Does $x+\sqrt{x}$ ever round to a perfect square, given $x\in \mathbb{N}$?

Assume $x\in\Bbb Z^+$. If $x=m^2$ is a pefect square, then $$m^2<x+\sqrt x=m^2+m<m^2+2m+1=(m+1)^2$$ an so $x+\sqrt x=R(x+\sqrt x)$ cannot be a perfect square.
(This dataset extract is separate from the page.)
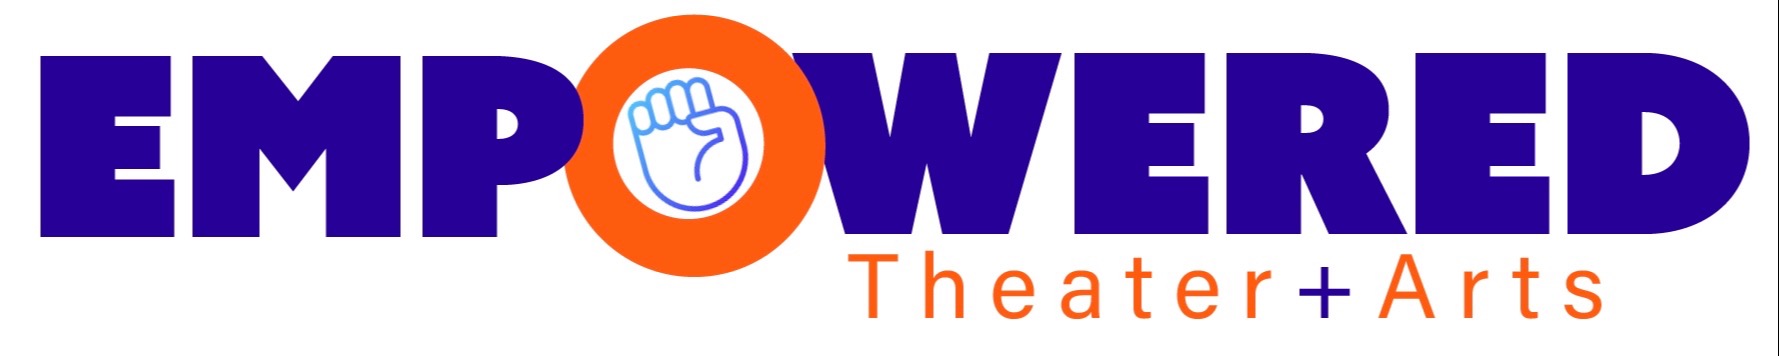 Empowered Theater & Arts logo

Thus we need only consider the case that $x$ is not a perfect square, which makes $\lfloor x+\sqrt x\rfloor <\lceil x+\sqrt x\rceil$.

Let $n\in\Bbb Z^+$ be maximal with $n(n+1)<x$. Then $x=n^2+n+d$ with $1\le d\le (n+1)(n+2)-n(n+1)=2n+2$. This makes $$\lfloor x+\sqrt x\rfloor = n^2+n+d+n=(n+1)^2+d-1.$$ This is $\ge (n+1)^2$ and $\le n^2+4n+2<(n+2)^2 $.
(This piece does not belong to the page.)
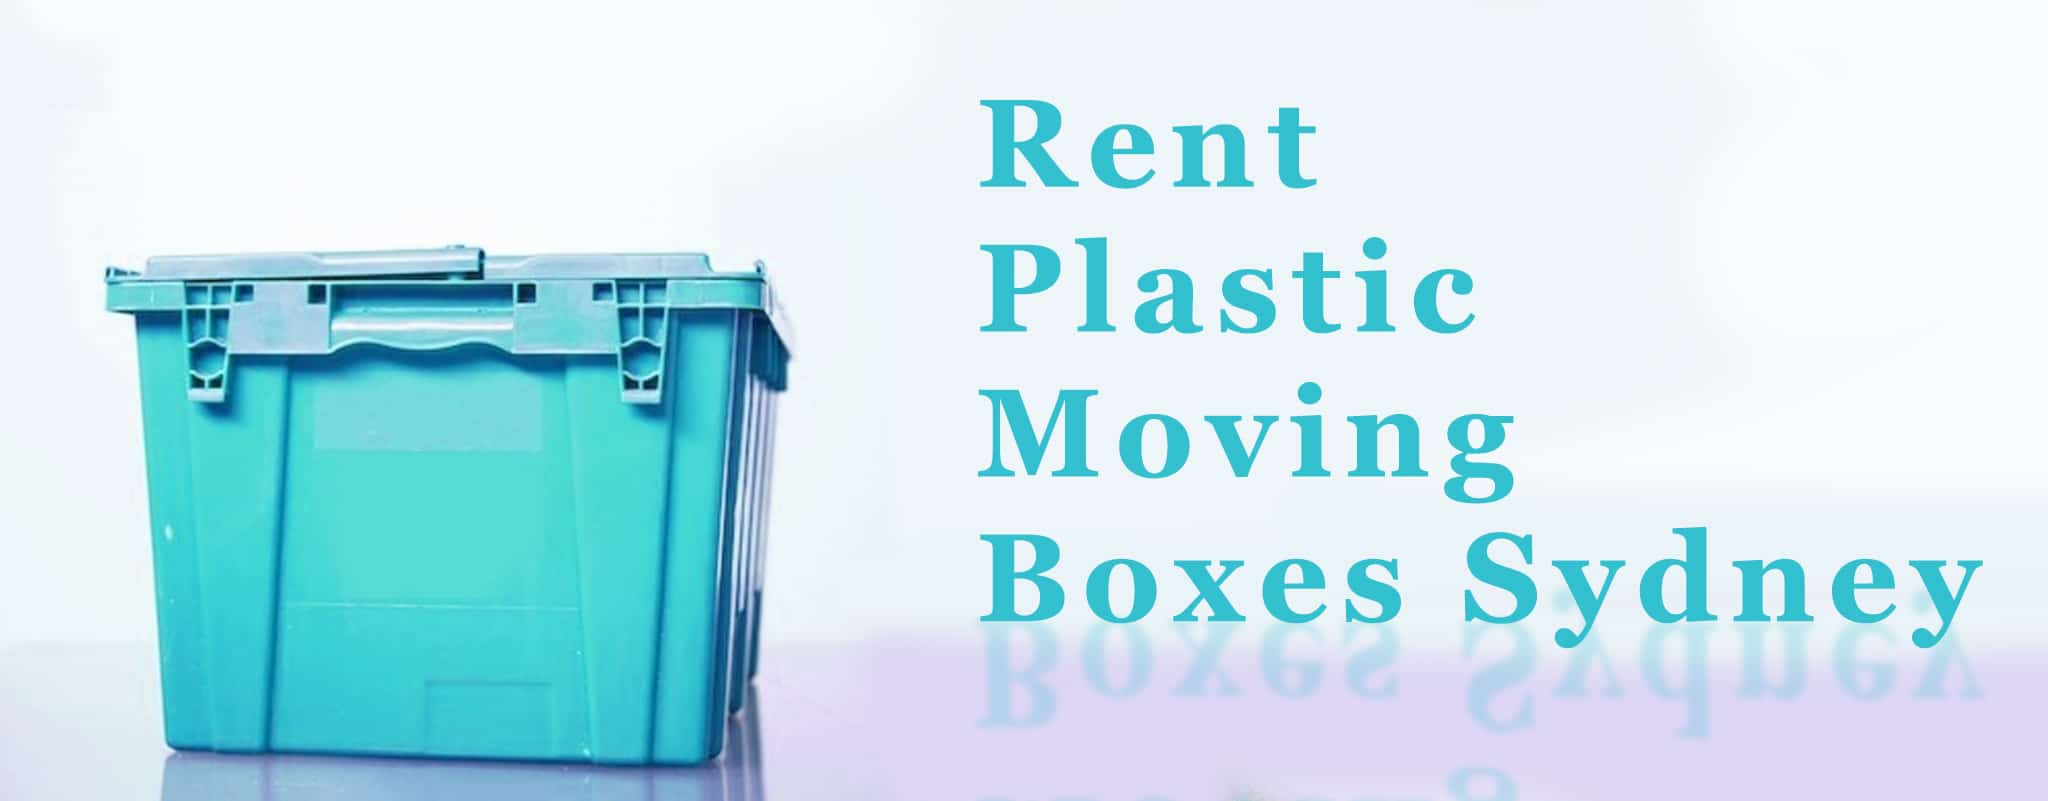 Rent Plastic Moving Boxes Sydneyf-3591e65b

Hence $ k^2=\lfloor x+\sqrt x\rfloor$ implies $k=n+1$, $x=n^2+n+1$. But $$(n+\tfrac12)^2=n^2+n+\tfrac14<x$$ implies that $x+\sqrt x$ should round up, not down.

Similarly, $k^2=\lceil x+\sqrt x\rceil = \lfloor x+\sqrt x\rfloor+1$ implies $k=n+2$, $d=(n+2)^2+1-(n+1)^2=2n+2$, $x=n^2+3n+2$. But $$ (n+\tfrac32)^2=n^2+3n+\tfrac 94>x$$ implies that $x+\sqrt x$ should be rounded down, not up.

We conclude that $R(x+\sqrt x)$ is never a perfect square for $x\in\Bbb Z^+$.

$$\sqrt{n^2+n+1}= \sqrt{\left(n+\frac12\right)^2+\frac 34} > n+\frac 12$$ And $$\sqrt{n^2+n+1} < \sqrt{n^2+2n+1} =n+1$$

$$\implies n+0.5 <\sqrt{n^2+n+1} <n+1$$

Thus $\rm{fractional part}{(n^2+n+1)}>0.5$